Whereas the Lermontov Caucasus was pure white and cold, free from human suffering, the Shevchenko Caucasus was stained with blood and immersed in humanity's fight for freedom.

Romance or cruelty?

And once you start researching Russian literature, you'll find it filled with imperial rhetoric, romantic conquest and cruelty, and silence about the consequences.

Even if the work is ostensibly sympathetic to the imperial self, such as Taras Bulba or Mtsiri;

This sympathy is a romantic notion of the subject's sad fate of eternal backwardness and oppression.

At the same time that European Orientalism was developing the image of African and Asian societies as having no history to be told, Russian literature was constructing an image of the Caucasus and Ukraine as societies whose violent history deserved to be forgotten.
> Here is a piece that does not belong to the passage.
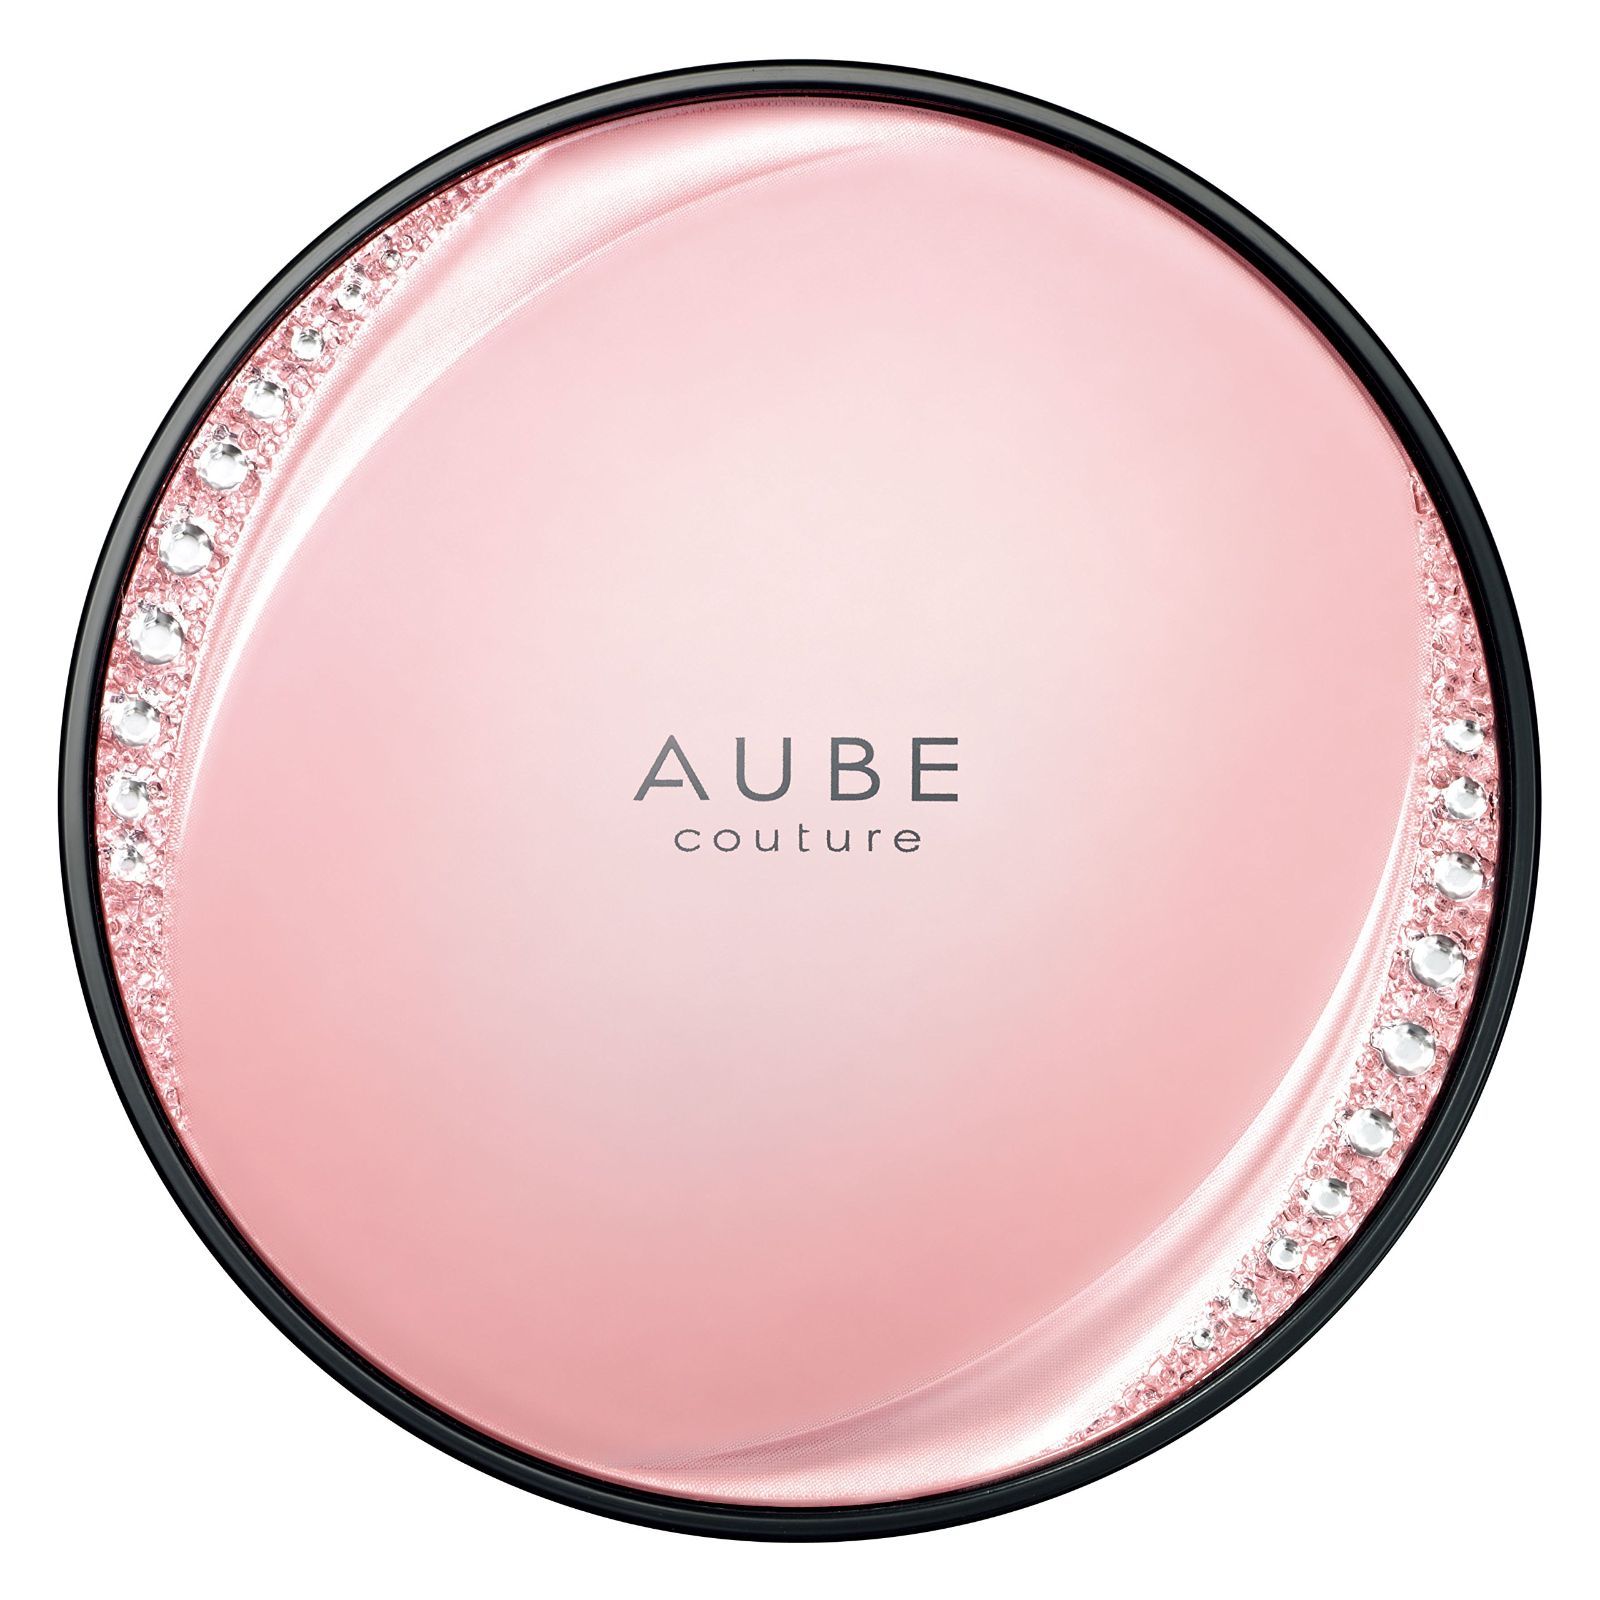 花王 AUBE couture（オーブクチュール） ブラシチーク ブラシチークつめかえ用レフィル 02 標準的な肌色に 7g
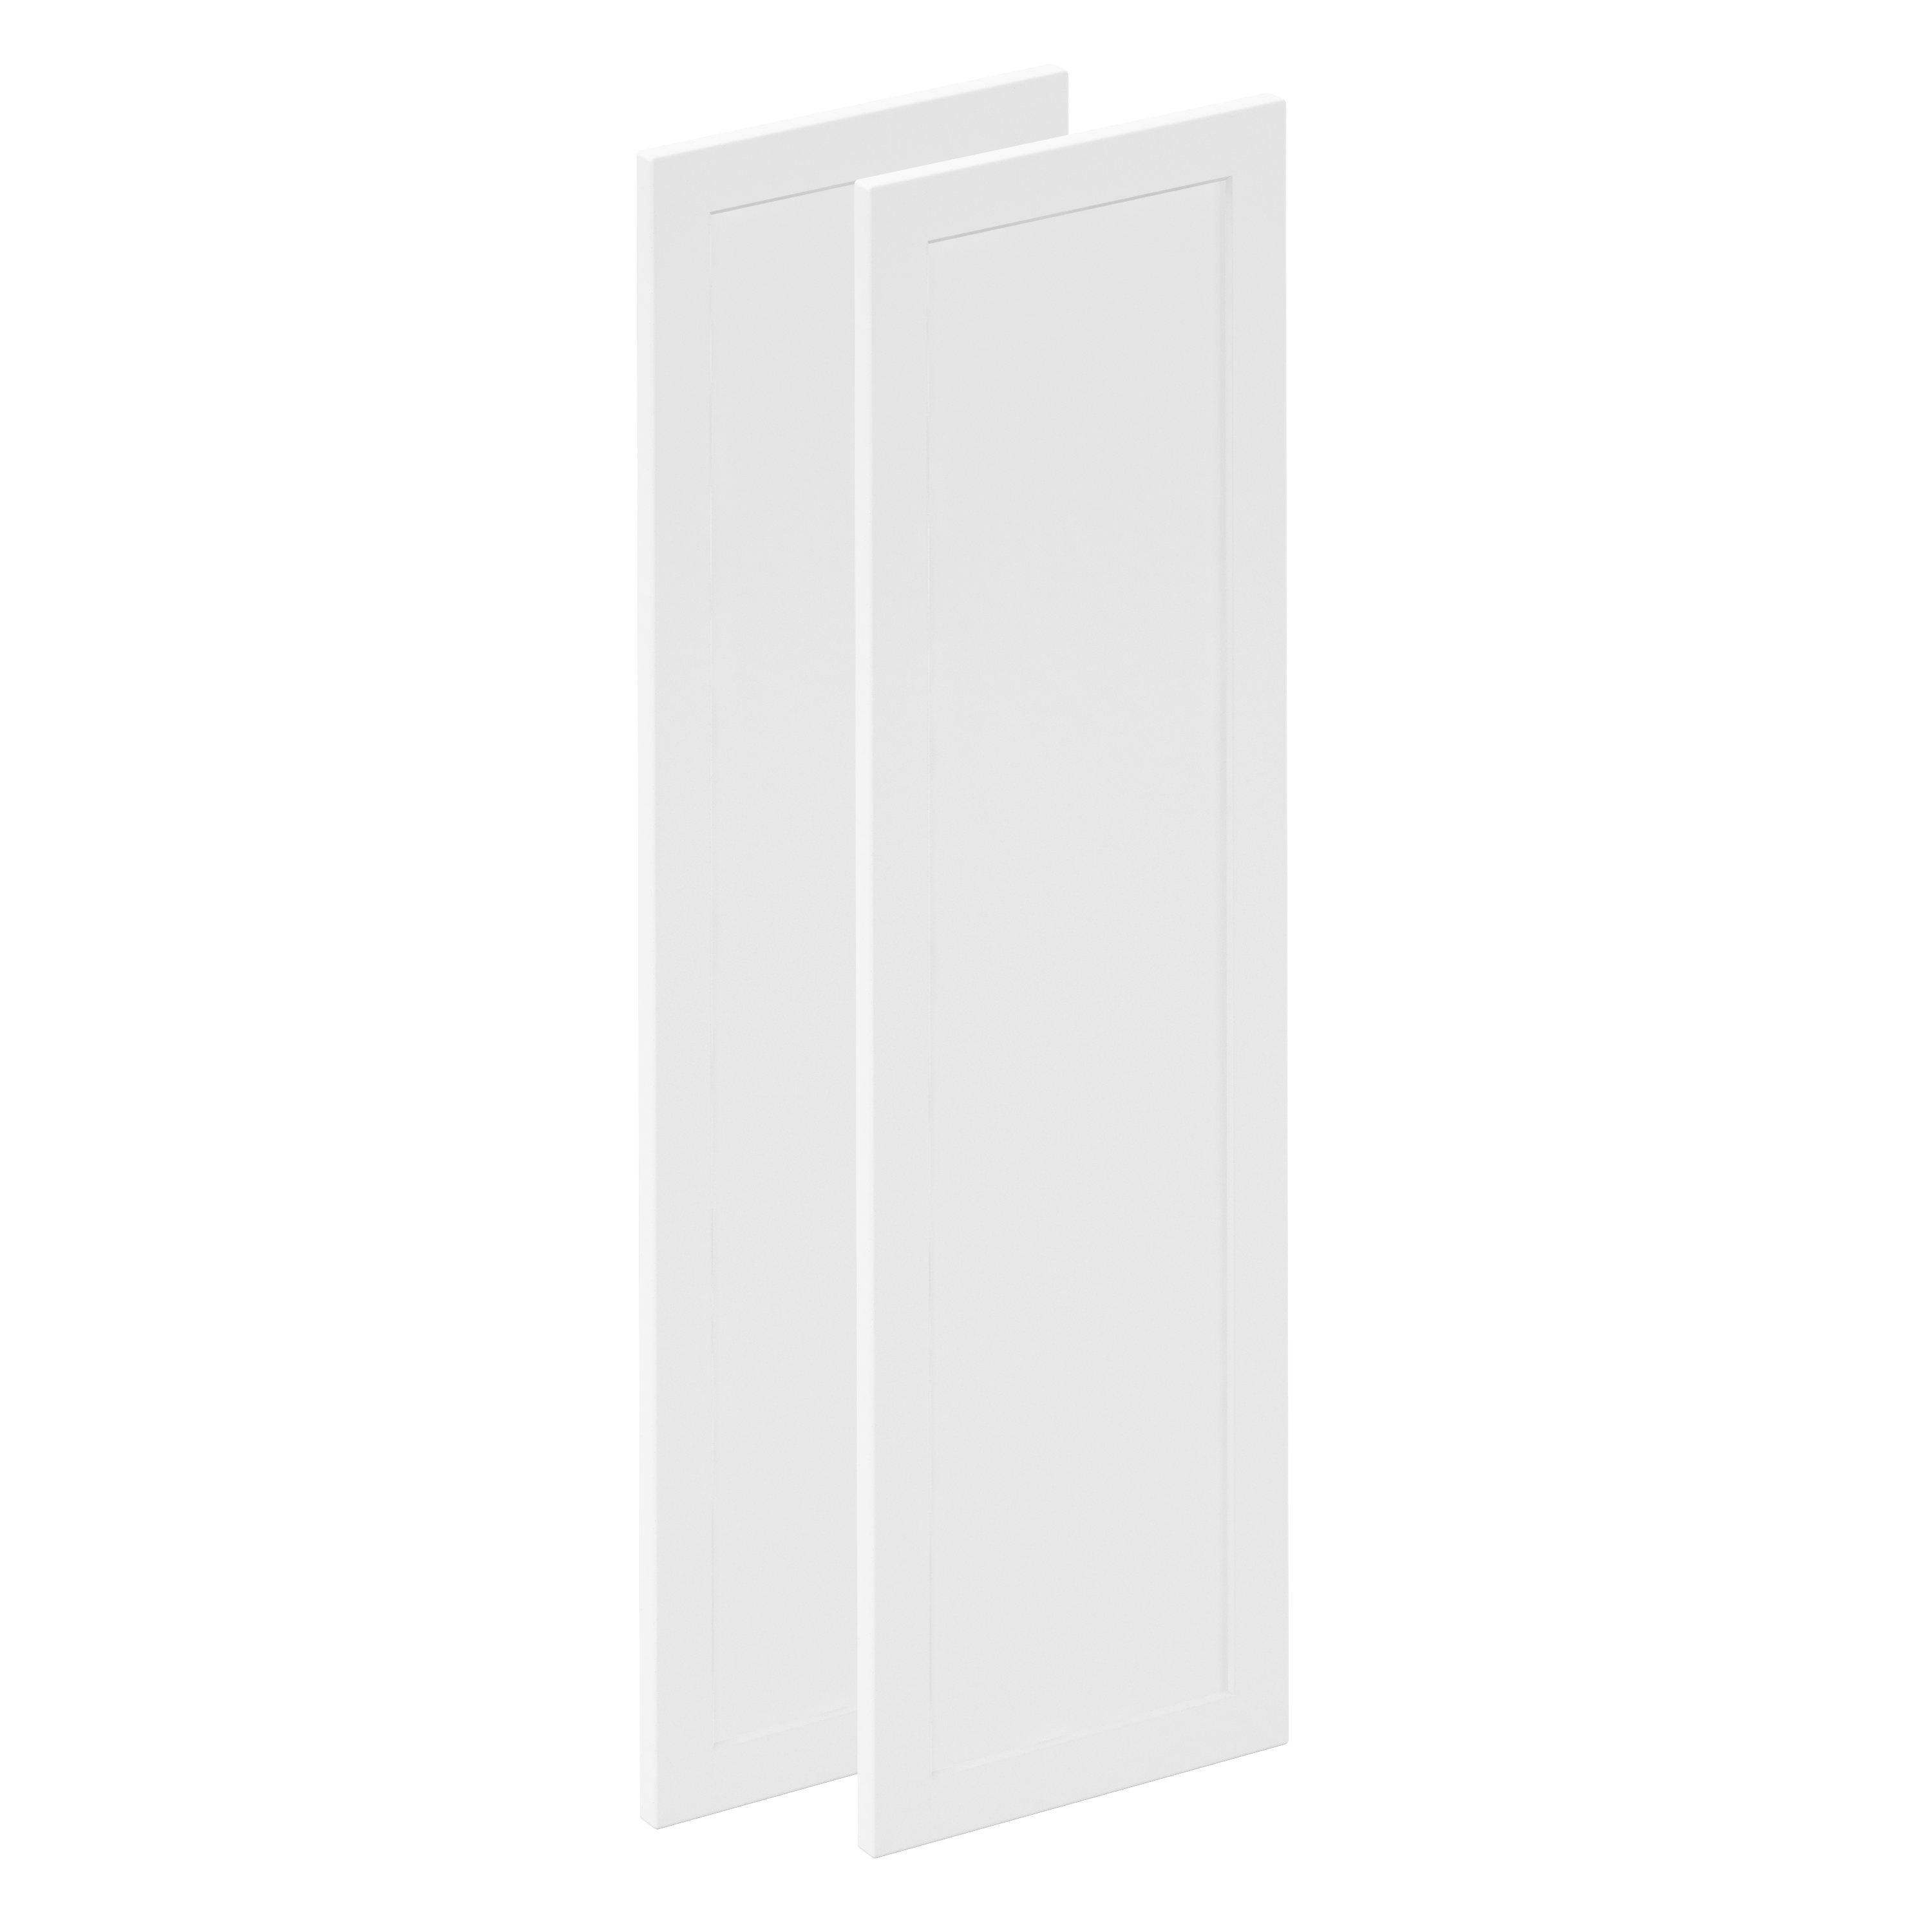 Lote de 2 puertas mueble de cocina newport blanco mate h 102.4 x l 29.7 cm

The writer points out that the similarities with the policy of the Russian invasion today are deep and broad;

Pushkin's poem "To the Slanders of Russia" is a fine example of the anti-European pamphlets guiding Russian imperialism, and his treatment of the Polish uprising (1830-1831) resembles the Kremlin's current view of the so-called color revolutions in the former Soviet empire, where Pushkin openly threatens Europe with war. A line connecting Pushkin's ideology with today's neo-imperialist rhetoric, expressed by one of the Russian slogans during the now ongoing Russo-Ukrainian war, "We can repeat";

Where past wars of destruction and conquest are deliberately remembered to intimidate Russia's imaginary enemies.

In his article, the writer cites the celebration of Pushkin's contemporary Russian poet Fyodor Tyutchev - at the time of the European revolutions of 1848 - with the Russian Empire as a fortress of Europe, just like Russia today;

The authoritarian model supporting anti-democratic forces in Europe.

Russian pacifists

But other than this bleak picture painted by the American newspaper article of Russian literature, there are other faces of Russia's classic novels and poetry. No writer portrays the war in Russia more poignantly than the famous novelist and poet Leo Tolstoy, the former soldier turned Russia's most famous pacifist.

In his latest work, Haji Murad, which examines the effects of Russian colonialism in the North Caucasus, Tolstoy showed how the senseless Russian violence towards a Chechen village caused instant hatred towards the Russians, according to an article by writer Annie Kokopopo, an academic specializing in Russian literature at the University of Kansas for The Conversation website ( The Conversation).

After publishing War and Peace, Tolstoy publicly denounced several Russian military campaigns.

The last part of his novel "Anna Karenina" was not published in 1878 because it was critical of Russia's actions in the Russo-Turkish war.

Konstantin Levin, Tolstoy's hero in that novel, describes the Russian intervention in the war as "murder", and believes it inappropriate to drag the Russian people into it.

In 1904, Tolstoy wrote a public speech condemning the Russo-Japanese War, which has sometimes been compared to the Russian war in Ukraine.

"War again, again afflictions, absolutely unwarranted, again fraud, and again the astonishment and brutality of men," he said.

One can almost hear him screaming and telling the citizens of his country now: "Think of yourselves."

In one of his most famous pacifist writings in 1900, “Thou shalt not kill,” Tolstoy deeply diagnosed the problem of today’s Russia, and said, “The misery of nations is not caused by specific people, but by the special order of society in which people are so closely bound together that they all find themselves under The power of a few men, or often under the power of one, a man so perverted by his unnatural position as ruler of the fate and lives of millions, that he is always in an unhealthy state, and always suffers to some extent from the obsession of grandiosity.”

During the Russian famine of 1891-1892, Tolstoy began building kitchens for the poor to help his starving compatriots abandoned by the government.

He helped soldiers evade conscription in the Russian Empire, visiting and supporting imprisoned soldiers who did not wish to fight.

In 1899, he sold his last novel, Resurrection, to help a Russian Christian sect immigrate to Canada so that they would not have to fight in the Russian army.